Subsequently, a twelfth embodiment of the present invention, which is a modification of the second embodiment, will be described in detail with reference to the drawings. FIG. 14 is a block diagram showing the configuration of the text-to-speech synthesis system according to the twelfth embodiment of the present invention. In the following description, the items described in the second embodiment are omitted.

Referring to FIG. 14, the text-to-speech synthesis system according to the present embodiment replaces the text candidate generation unit 102 with a reading generation unit 107 that generates a reading result for the input text, and a rule given in advance. The second implementation in that it comprises a reading deformation unit 109 that generates a plurality of candidate reading results (name candidates) that expand the candidate reading results by changing the phoneme of the reading results according to It is different from the form. The sound quality evaluation score calculation unit 103 operates to obtain a sound quality evaluation score for the candidate reading result (name candidate).

Hereinafter, a rule that the phoneme “hi” can be transformed into “shi” is given in advance, and the input text The difference between the second embodiment and the second embodiment will be explained by giving an example of the case where the job is “take over work alone! /,”. By the way, the above rule of transforming the phoneme “hi” into “shi” is a simple transformation rule for Edoben speakers.

[0135] The reading generation unit 107 gives and outputs a reading result of "doing work / severely / hiding" to the input text. The reading deformation unit 109 has two phoneme “hi” in the reading result, so that it is added to “work / hidden / hikitsu'ida” by changing these to “shi”. The four candidates of “Work / Hide / Hide's Work”, “Work / Hide / Hide '” Generate reading results (probable name).
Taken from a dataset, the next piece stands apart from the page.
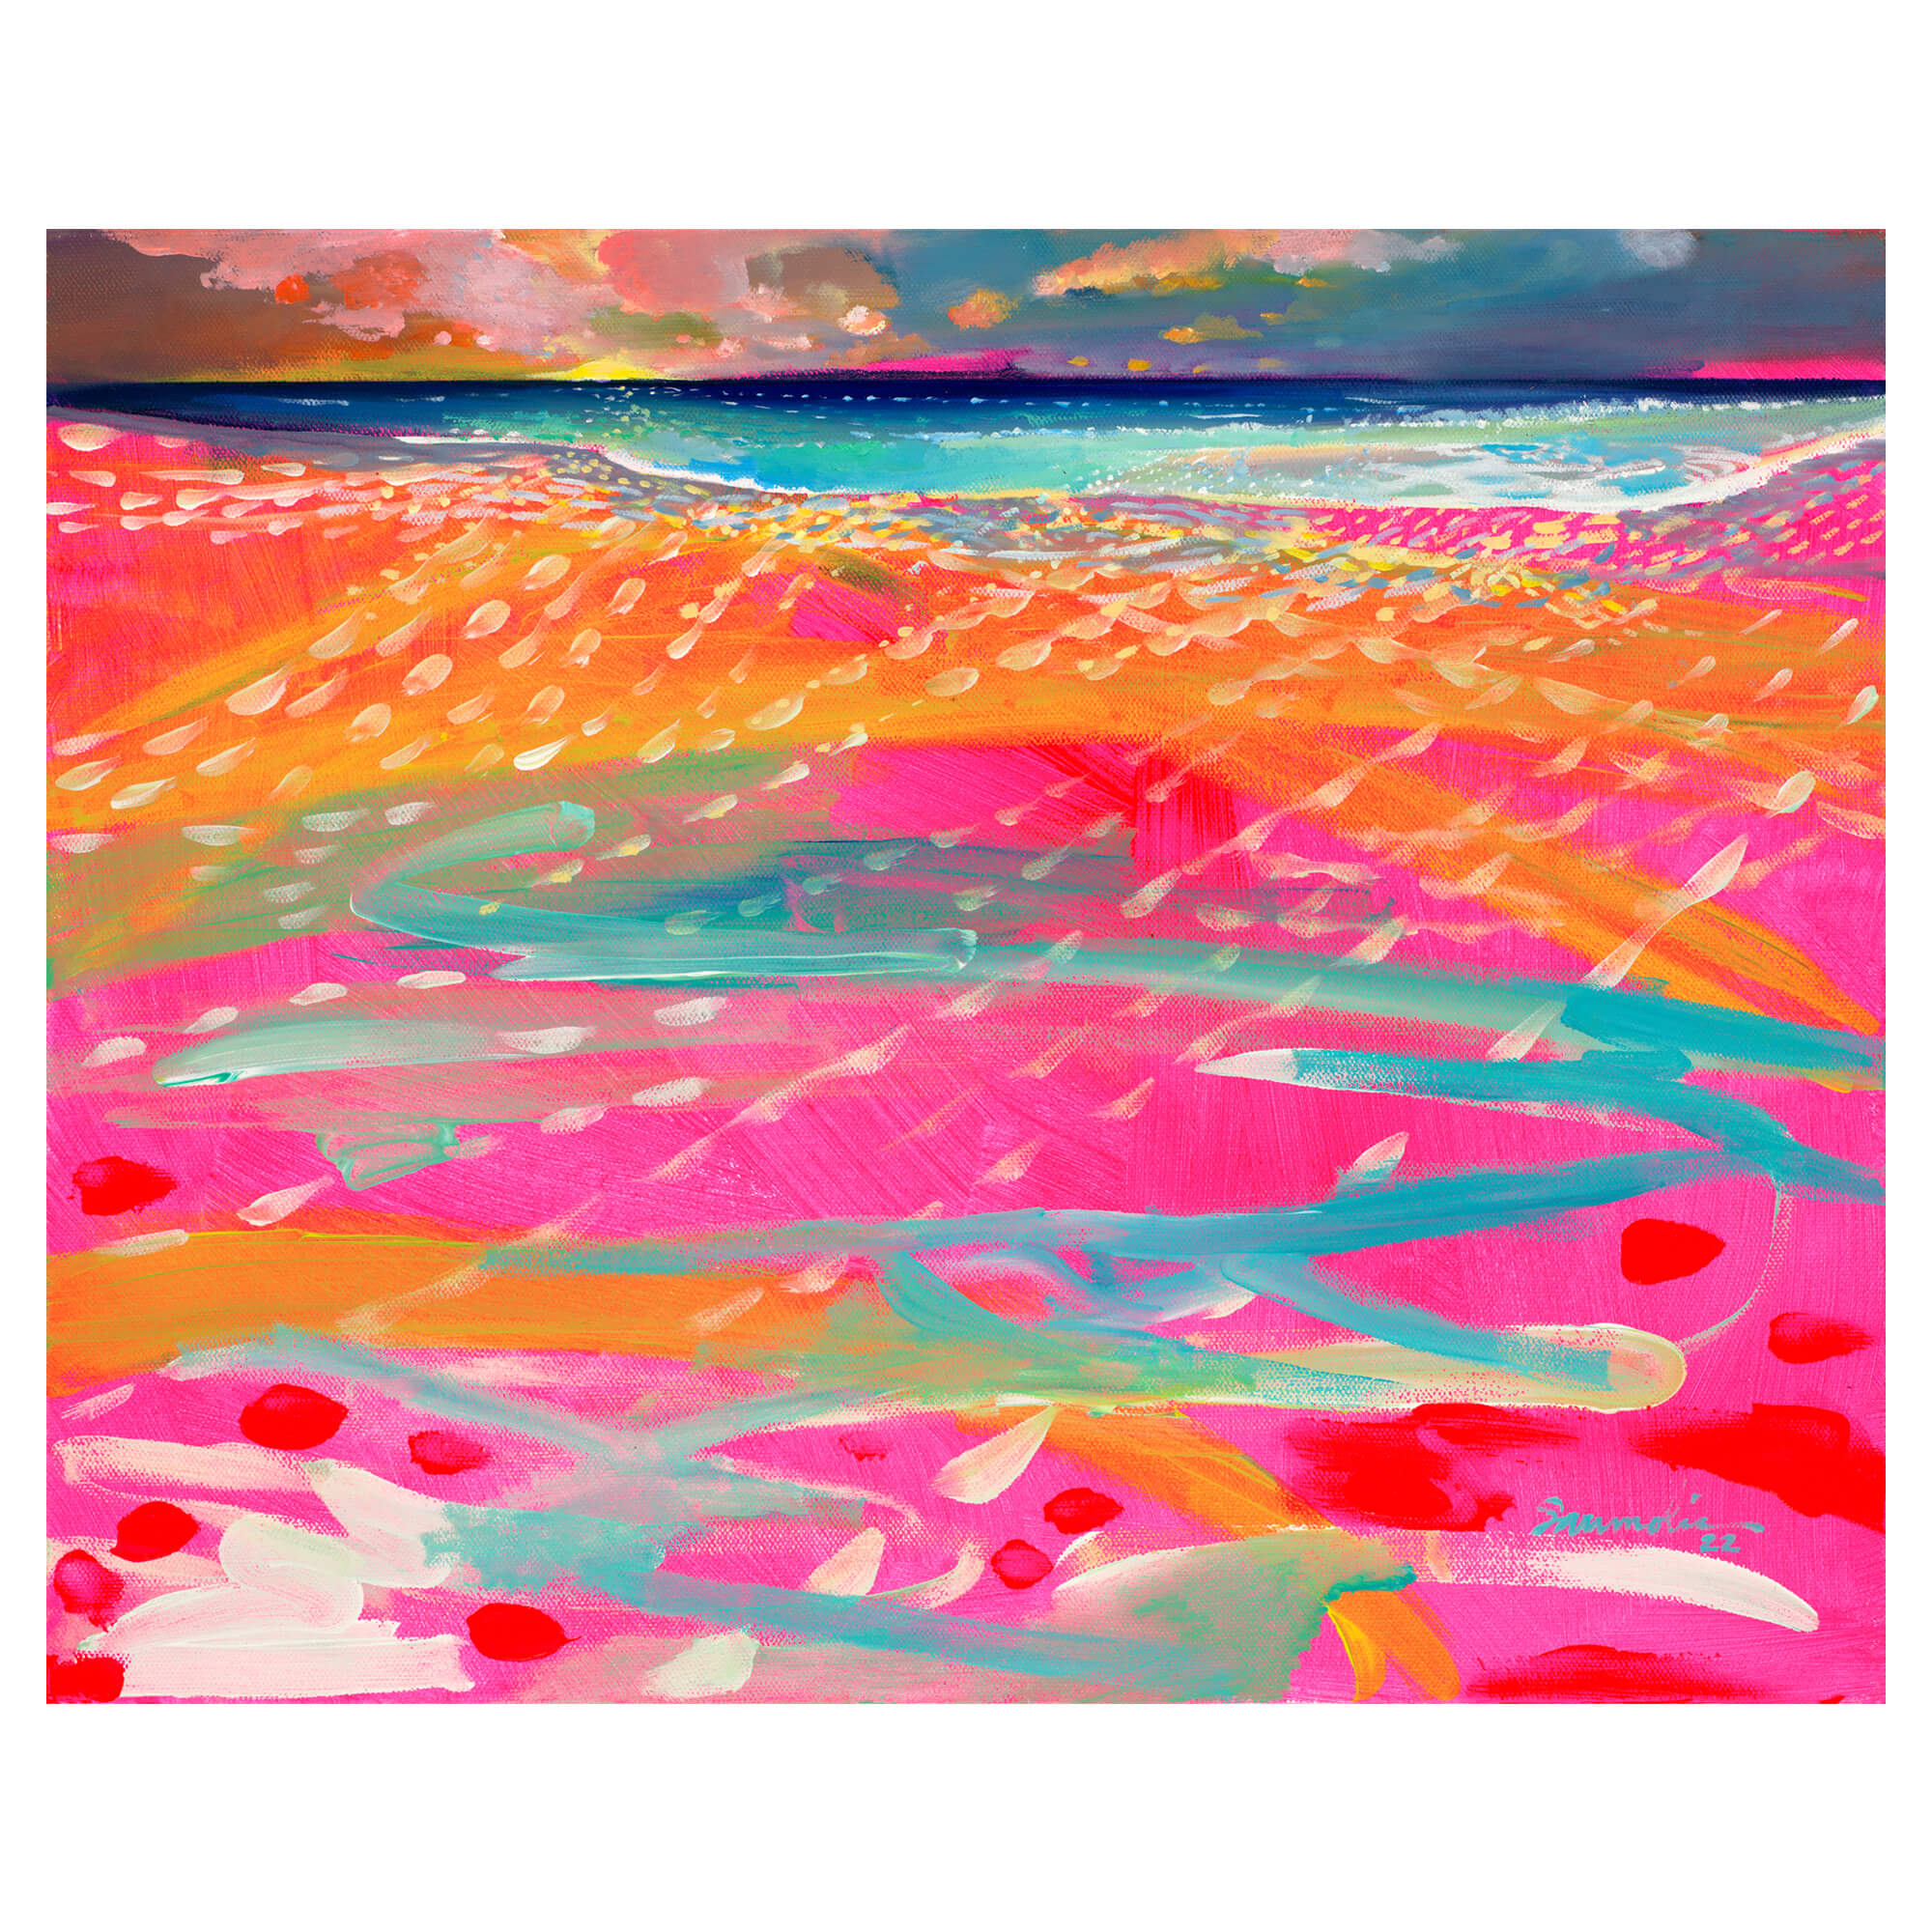 A canvas giclée art print featuring this beautiful vibrant neon-colored seascape by popular Hawaii artist Saumolia Puapuaga

[0136] Here, "/" represents an accent phrase delimiter and "'" represents an accent position.

[0137] Corresponding to these candidate reading results (candidate names), the sound quality evaluation score calculator 103 calculates a sound quality evaluation score corresponding to each.

[0138] According to the present embodiment, voice synthesis using a voice recorded by a speaker who tends to produce a different phonation of a specific phoneme! / It is possible to utter good! /, Sound quality, and reproduce the personality of the original speaker.

[Thirteenth Embodiment]

Subsequently, a thirteenth embodiment of the present invention, which is a modification of the second embodiment, will be described. Since the configuration of this embodiment is the same as that of the second embodiment, the operation of the sound quality evaluation score calculation unit 103, which is the difference, will be described in detail.
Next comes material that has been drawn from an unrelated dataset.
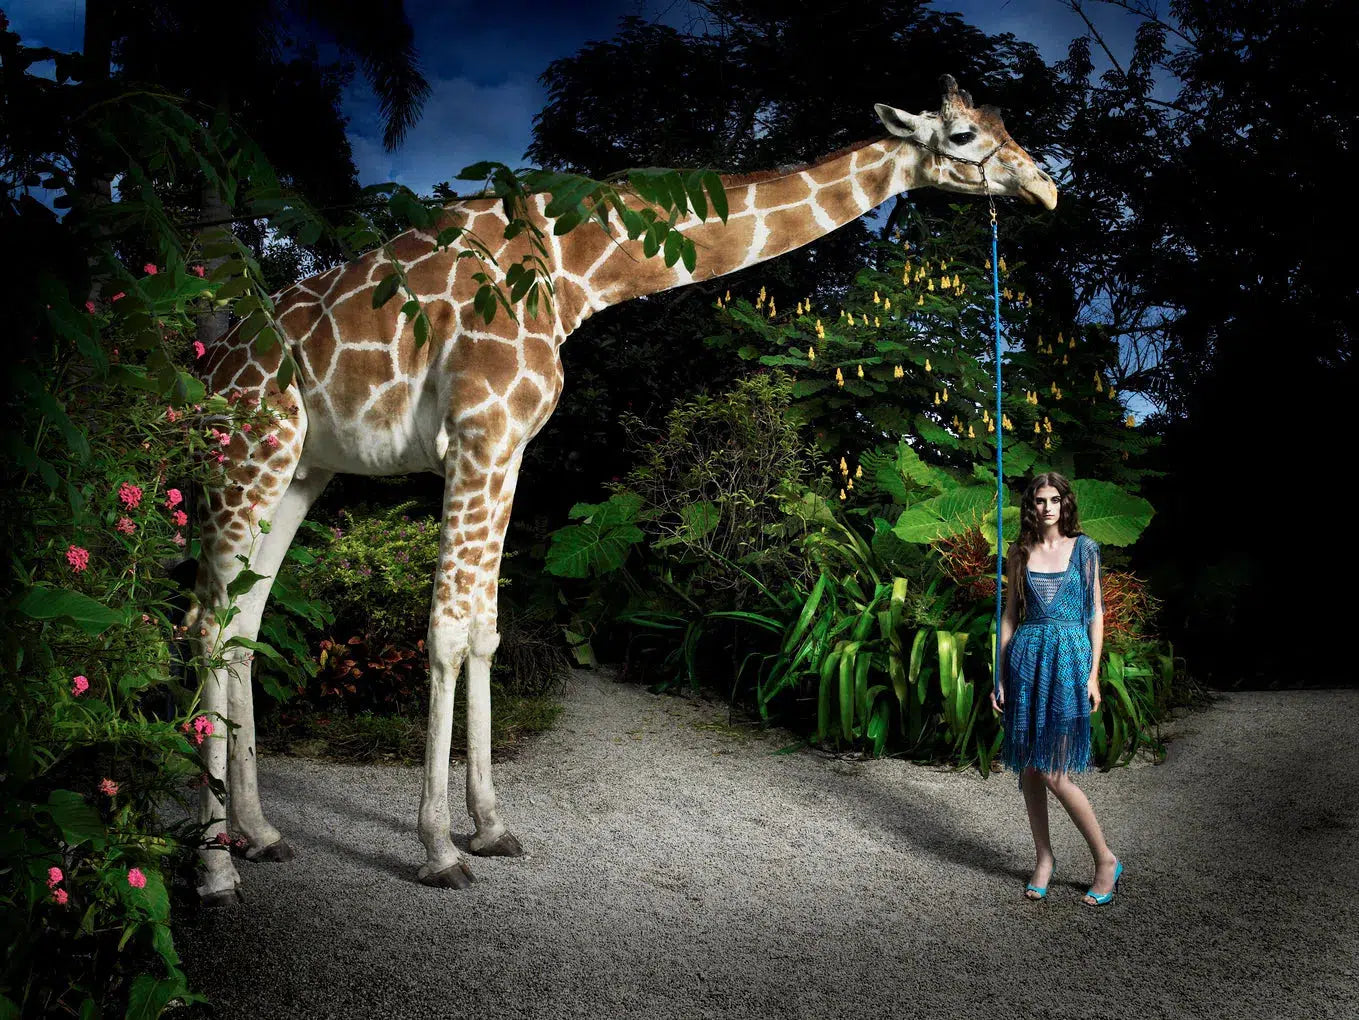 Pet Giraffe, by Greg Lotus-PurePhoto

[0140] In the second embodiment, the unit selection score that is an approximate value of the sound quality of the synthesized speech is used as the sound quality evaluation score. In contrast, in the present embodiment, as the sound quality evaluation score, the pitch frequency difference at the end points is measured in Hz between the segments that are the segmented sections of the synthesized speech, and the sum of the absolute values is used.

[0141] Fig. 15 shows an example of calculation of a speech score when the synthesized speech is composed of 4 segments. Here, the segment of the original utterance is assigned to each segment from segment 1 to segment 4. Also, let each original utterance segment be the original utterance 1 to the original utterance 4.

[0142] The pitch frequency on the original utterance 1 corresponding to the end point of segment 1 is F lb and the termination pitch frequency is Fie. Similarly, segment 2 to segment 4 also have pitch frequencies F2b, F2e, F3b, F3e, F4b, and F4e corresponding to the end points.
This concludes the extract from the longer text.